Cómo debe decidir una empresa industrial el formato de su inversión en inteligencia artificial.

Respuesta corta: varios experimentos pequeños. Una empresa industrial adopta inteligencia artificial más rápido repartiendo la inversión en apuestas cortas, con presupuesto acotado y criterio de cancelación escrito, que concentrándola en un único proyecto grande.

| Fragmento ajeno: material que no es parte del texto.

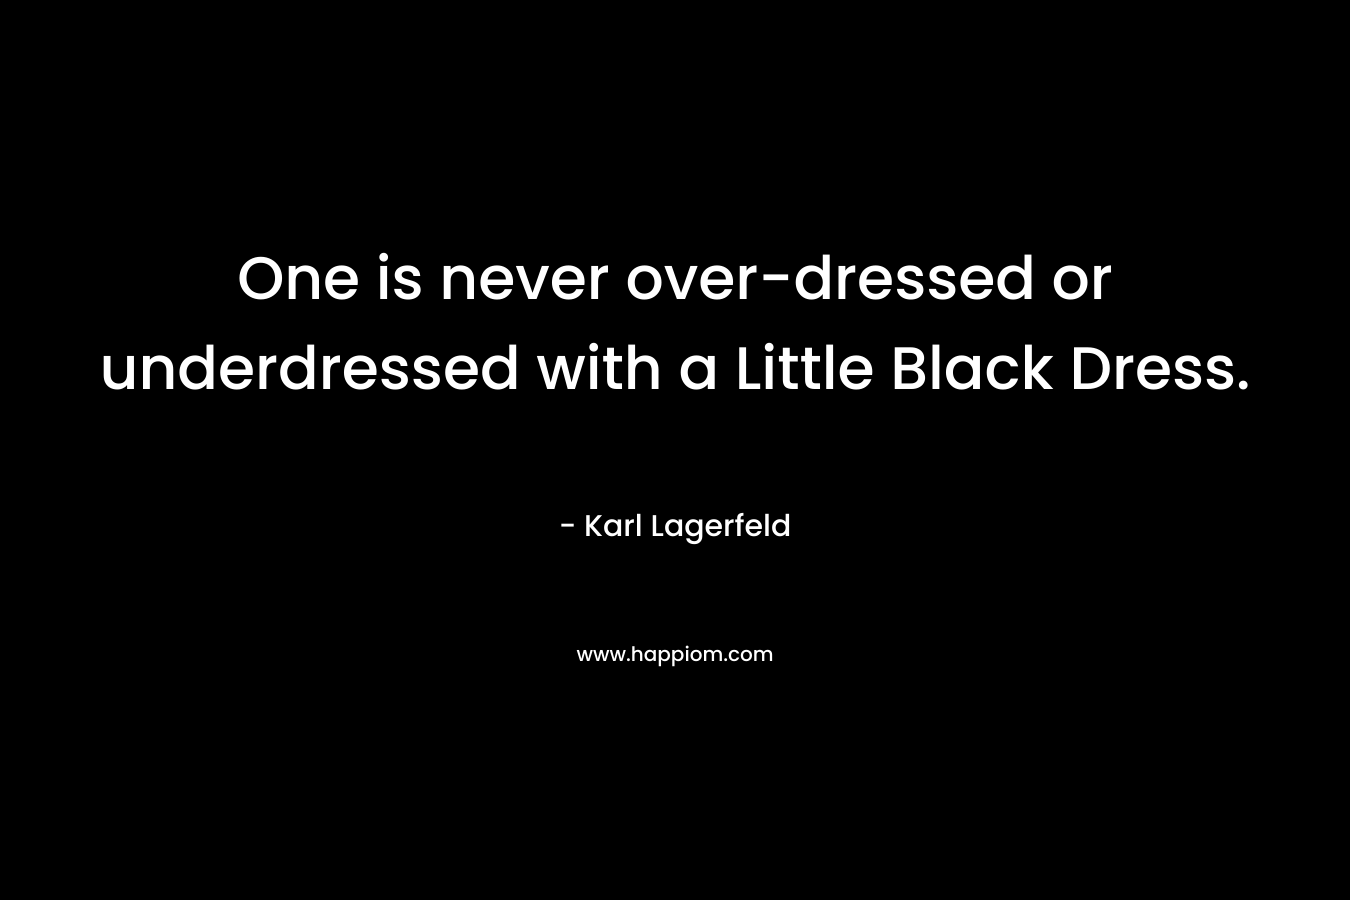 One is never over-dressed or underdressed with a Little Black Dress.

La razón no es presupuestaria: la IA se comporta como I+D, no como la compra de un activo, y el I+D se gestiona en cartera. Con que una de cada diez apuestas mejore de forma recurrente un proceso, la cartera queda pagada.


Una empresa industrial sabe exactamente cómo comprar una máquina. Estudio previo, tres ofertas, cálculo de retorno, comité, firma. El método funciona porque el resultado es previsible: la máquina hará lo que dice la ficha técnica, con la merma que dice la ficha técnica.

Ese mismo comité se reúne meses después para aprobar «el proyecto de IA». Y aplica el mismo método.

Ahí empieza el desvío.

Un proyecto de IA no se comporta como una inversión en activo fijo. Nadie sabe de antemano cuál de las ideas va a funcionar, y solo se averigua ejecutándola. Cuando obligas a esa incertidumbre a pasar por un comité que exige retorno comprometido antes de empezar, ocurren dos cosas. Se elige el caso de uso más defendible, no el más valioso. Y se vuelve irreversible algo que debería poder cancelarse en seis semanas.

El fallo no es técnico: es el formato de la decisión

La mayoría de direcciones generales no se equivocan al elegir la tecnología. Se equivocan al elegir el formato de la apuesta.

Un único proyecto grande concentra presupuesto, expectativa, reputación interna y calendario en el mismo punto. Si sale bien, la empresa aprende una cosa. Si sale mal, aprende una cosa y además cierra la puerta durante dos años: nadie quiere ser el segundo en llevar IA al comité después de que el primero se estrellara.

Diez experimentos pequeños reparten esa misma inversión de otra forma. Diez hipótesis. Diez procesos. Diez equipos que aprenden algo aplicable aunque su experimento se descarte.

Un experimento que no puede cancelarse no es un experimento. Es un compromiso disfrazado de piloto.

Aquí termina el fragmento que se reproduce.